Troubleshooting: Why the Pile Won’t Heat
| Problem | Diagnosis | Fix |
|---|---|---|
| Never heats after building | Too small, too dry, or too much carbon | Check size, moisture, and add nitrogen material |
| Heats then drops after 3–4 days without being turned | Normal — oxygen exhausted | Turn |
| Will not reach above 40°C despite turning | Not enough nitrogen | Add fresh manure, grass clippings, or food scraps |
| Slimy and smells like ammonia | Too much nitrogen | Add dry carbon (straw, cardboard) |
| Smells like rotten eggs | Anaerobic core — too wet or compacted | Turn aggressively; add dry material |
| Ants building nests inside | Too dry | Water while turning |
| Maggots present | Fly access to food scraps | Cover food scraps deeply with carbon material after adding |
Knowing When Compost is Finished
Finished compost:
- Smells like rich earth — no ammonia, no sourness, no putrid odour
- Is dark brown to black in colour
- Original materials are no longer recognisable (except some woody fragments)
- Temperature remains stable and below 40°C even after a final turn
- Does not heat up when small quantities are placed in a sealed bag (maturity test)

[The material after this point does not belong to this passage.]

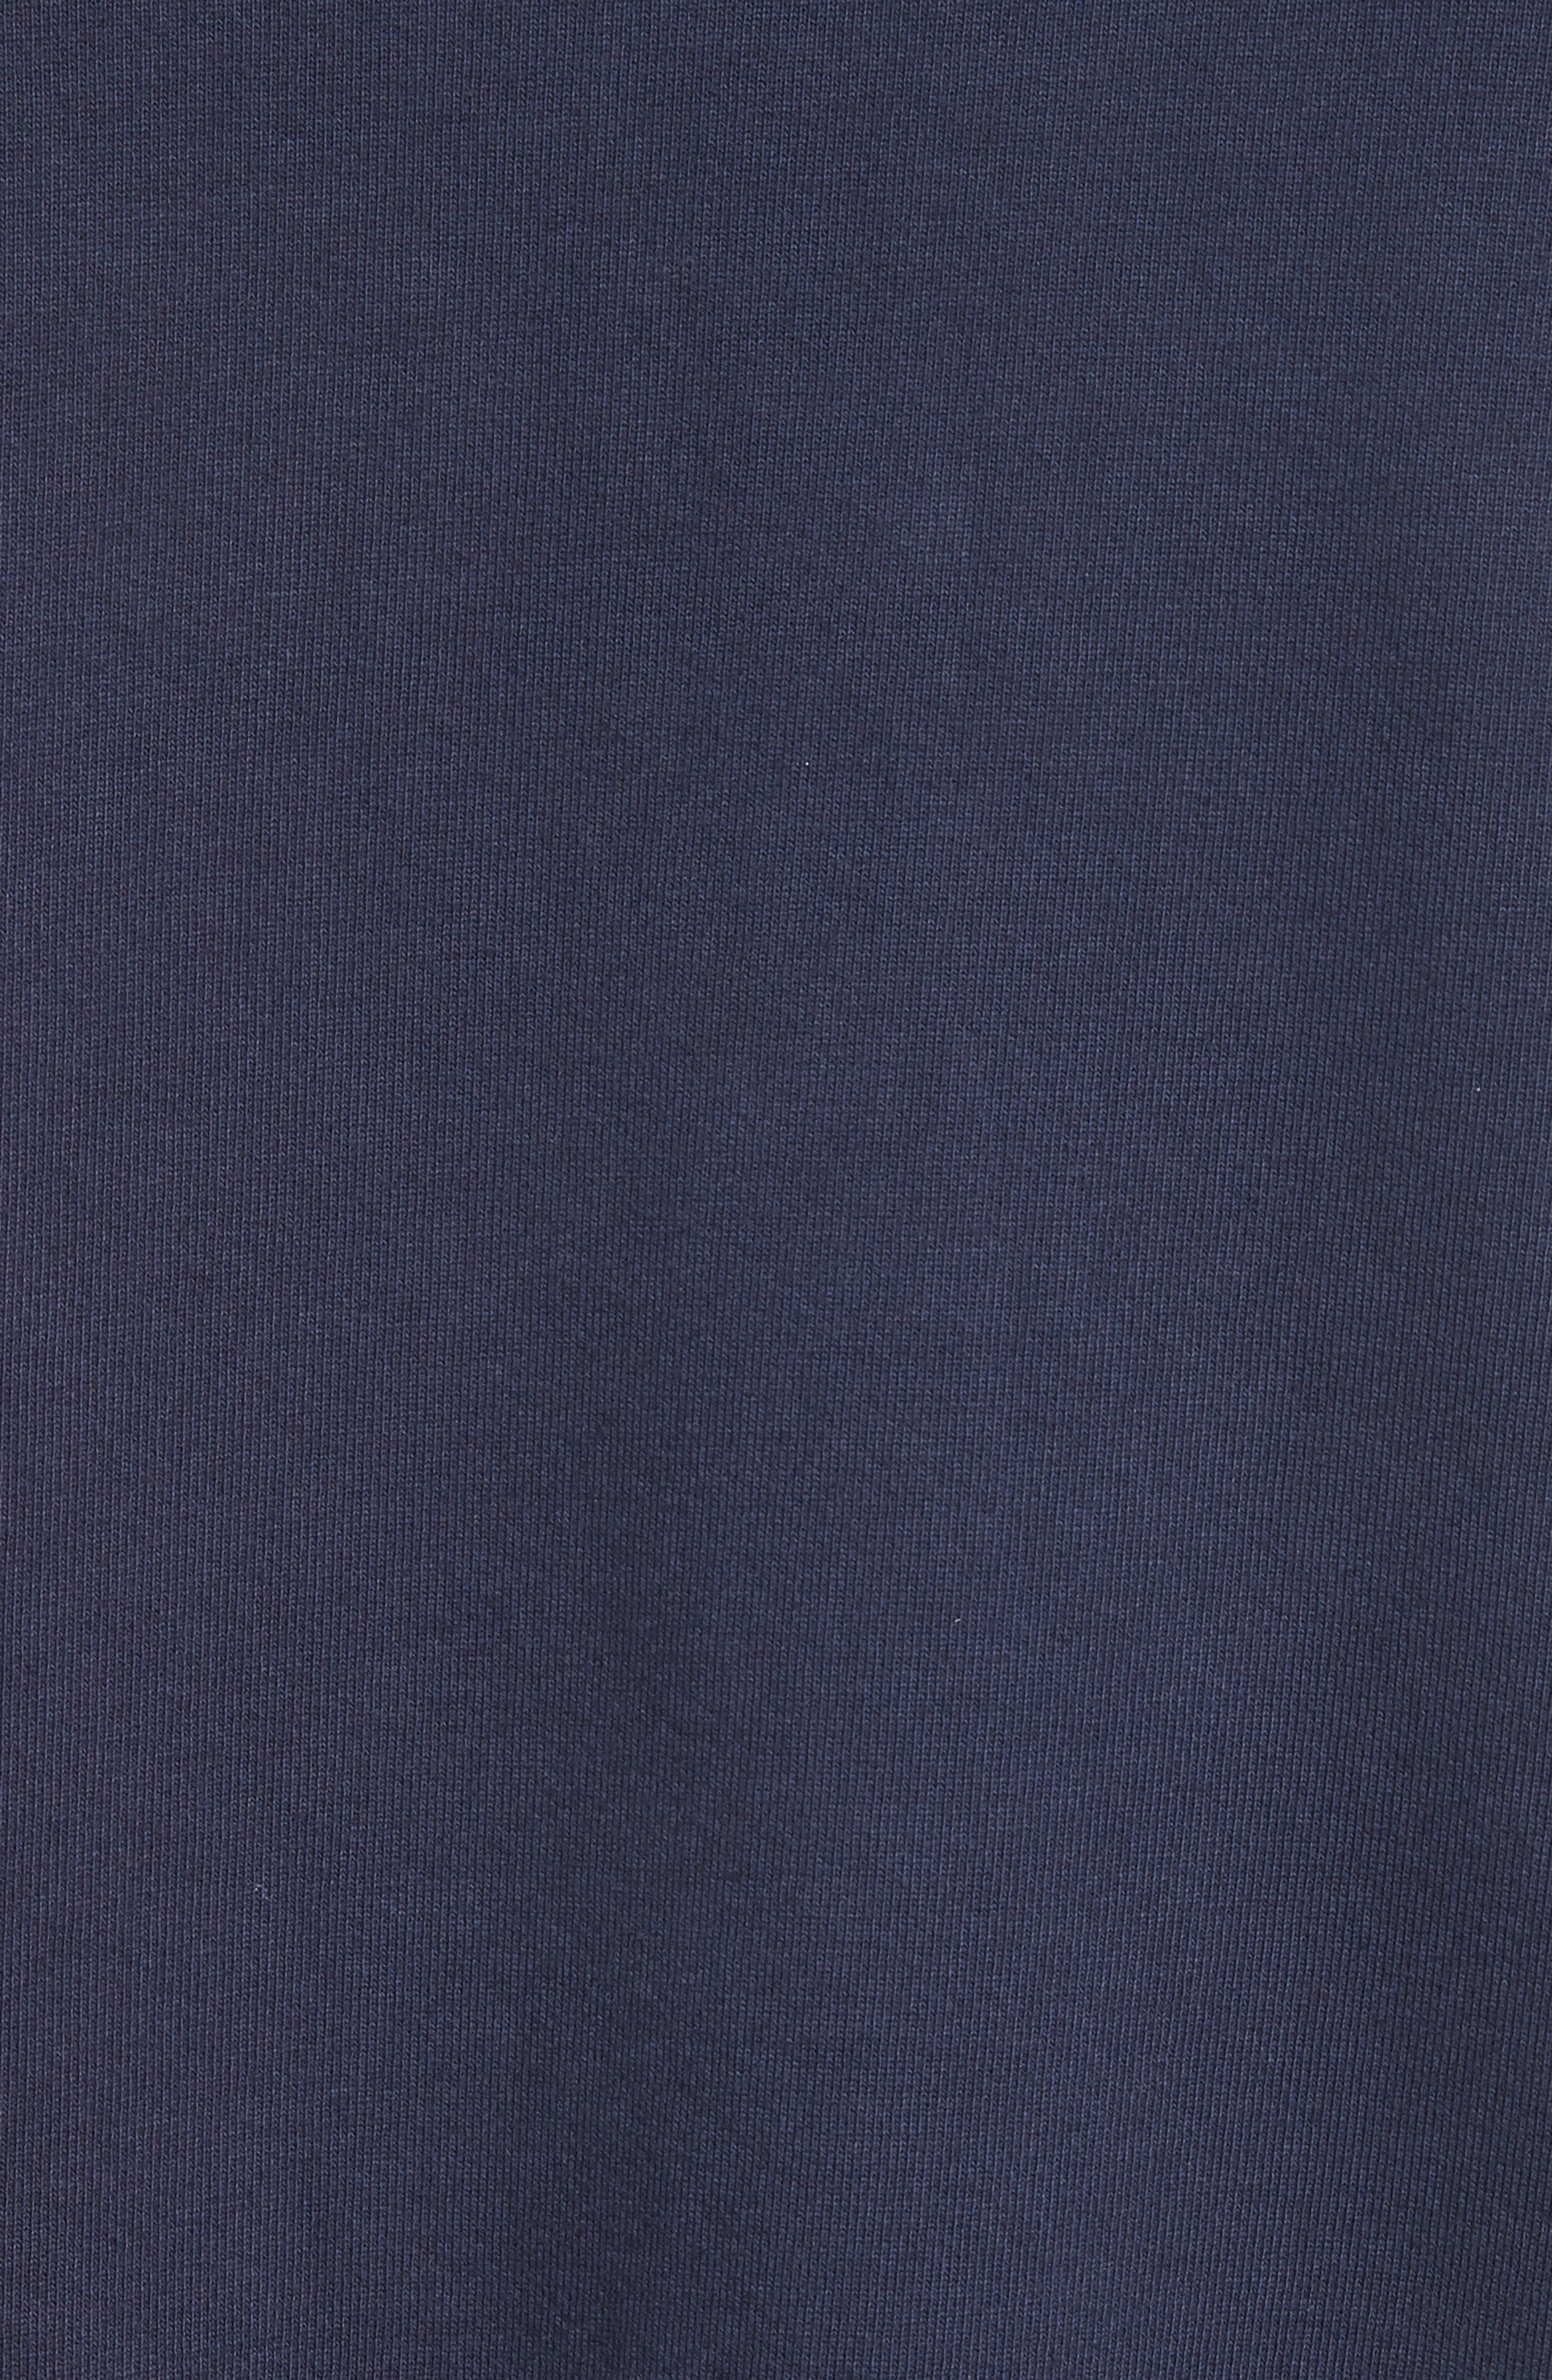 Alternate Image 5  - Drifter Galeras Velvet Sleeve Sweatshirt

- Germination test: place compost in a pot, sow radish seeds, germinate in 5–7 days normally — if germination fails or seedlings yellow, compost is not mature
| Curing Duration | Compost Quality | Safe For |
|---|---|---|
| Under-matured | Unstable, nitrogen-robbing | Dig into soil 3+ weeks before planting; not for seedlings |
| 3–4 weeks curing after hot phase | Mature | All garden uses |
| 2–3 months additional curing | Very stable | Seedling mixes, sensitive crops |
Turning Schedule Summary
Turn compost based on temperature, not calendar date. A pile in the 55–70°C range is working perfectly — turn it when temperature drops below 50°C (typically every 3–7 days in a hot pile). For maximum speed (Berkeley method), turn every 2–3 days for 14–21 days. For moderate effort, turn weekly when pile is hot and every 10–14 days as it cools. Check moisture at every turn — the pile should feel like a wrung-out sponge. A pile that stalls below 40°C needs more nitrogen material before turning. Recognise finished compost by its earth smell, dark colour, unrecognisable source materials, and stable low temperature. Allow 3–4 weeks of curing after the hot phase before application to ensure stability.